Она никак не могла отвлечься от его последних слов: смотреть, как умирают...
Но не ты, мой любимый, только не ты! – молилась про себя молодая женщина, с горечью сознавая, что он не смог и, наверно, никогда не сможет до конца поведать о кошмарах, преследующих его. Так же как и она, никогда до конца не сможет раскрыть секреты своего прошлого, в котором уже ничего
Положив голову ему на грудь, она ощутила тепло его тела. Пальцы снова и снова гладили обнаженный торс, наслаждаясь каждым мускулом, а в голове все вертелись его последние слова.
Смотреть, как умирают. С острым чувством вины Элизабет спросила себя, не такая ли участь постигла и Джеймса. Если бы только знать... если б только...
Наконец сон пришел и к ней. Когда Николь прибежала будить ее, Колтера уже не было, а на кровати лежали яблоки.
Глава двенадцатая
Праздник Благодарения прошел тихо, все ждали, чтобы скорее наступила зима и сделала невозможным передвижение армий. В первый день декабря задул холодный ветер, и появилась надежда, что молитвы услышаны.
Однако несколько дней спустя ночи опять стали теплее, и Фредериксберг оказался под вражеским огнем. Янки переправились через реку. В душах людей поселился страх, город наполнился слухами: одни говорили, что сражение выиграно, другие – что проиграно, кто-то праздновал победу, кто-то оплакивал поражение.

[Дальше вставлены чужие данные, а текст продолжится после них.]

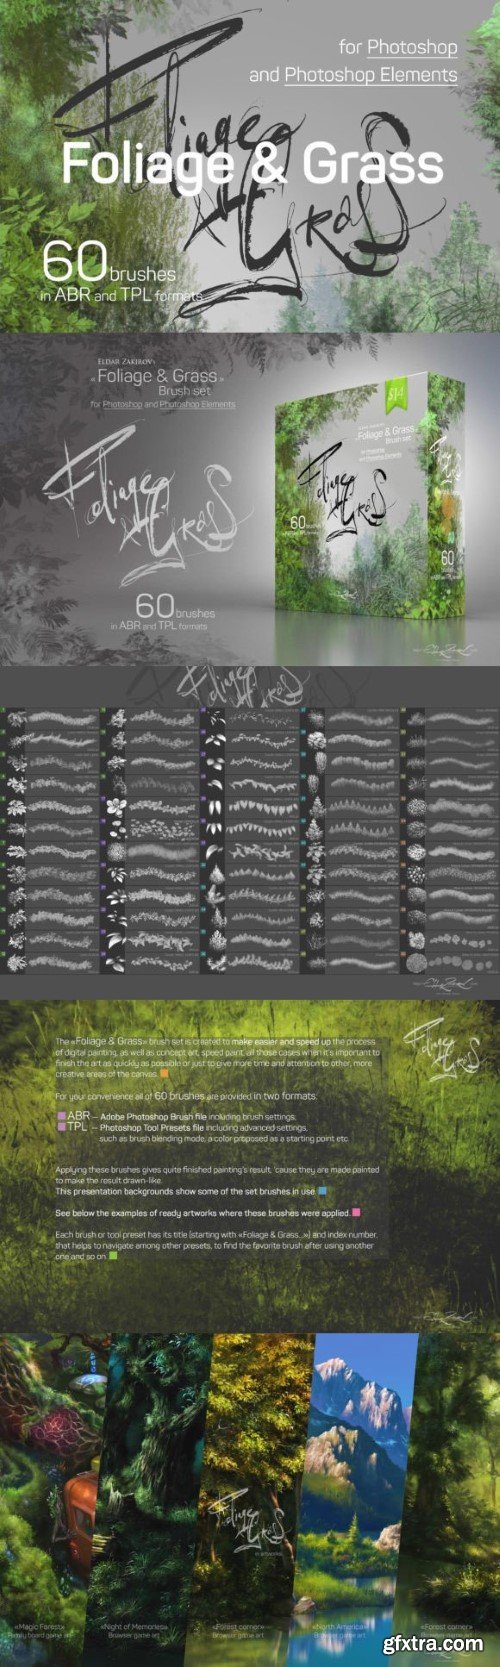 Foliage+Grass+Moss Photoshop Brushes

Колтер больше не появлялся. Иногда по утрам они находили посылки: деревянный волчок со шнурком – для Николь, томик стихотворений Теннисона в кожаном переплете – для Эмили. Она так проникновенно прочитала «Никто не умрет», что их сердца наполнились надеждой.
Элизабет с радостью замечала улыбку Рут, находившей то пакетик корицы, то отрез ситца. В другой раз появился настоящий кофе, и даже подарок для Джоша – искусно сделанный нож. В одно прекрасное утро Элизабет получила коричневый бархатный бант для волос и так необходимые ей черные лайковые перчатки с вышитыми шелком коричневыми и желтыми цветами.
Конечно, ее радовало, что он помнит и заботится о них, но как же ей хотелось просто увидеть его! Да и страх за жизнь любимого становился тем сильнее, чем теплее становилась погода.
Придя на работу в понедельник утром, Элизабет узнала, что в бою погибли генерал Кобб и бесчисленное множество солдат. Генерал Худ тяжело ранен, но янки отброшены.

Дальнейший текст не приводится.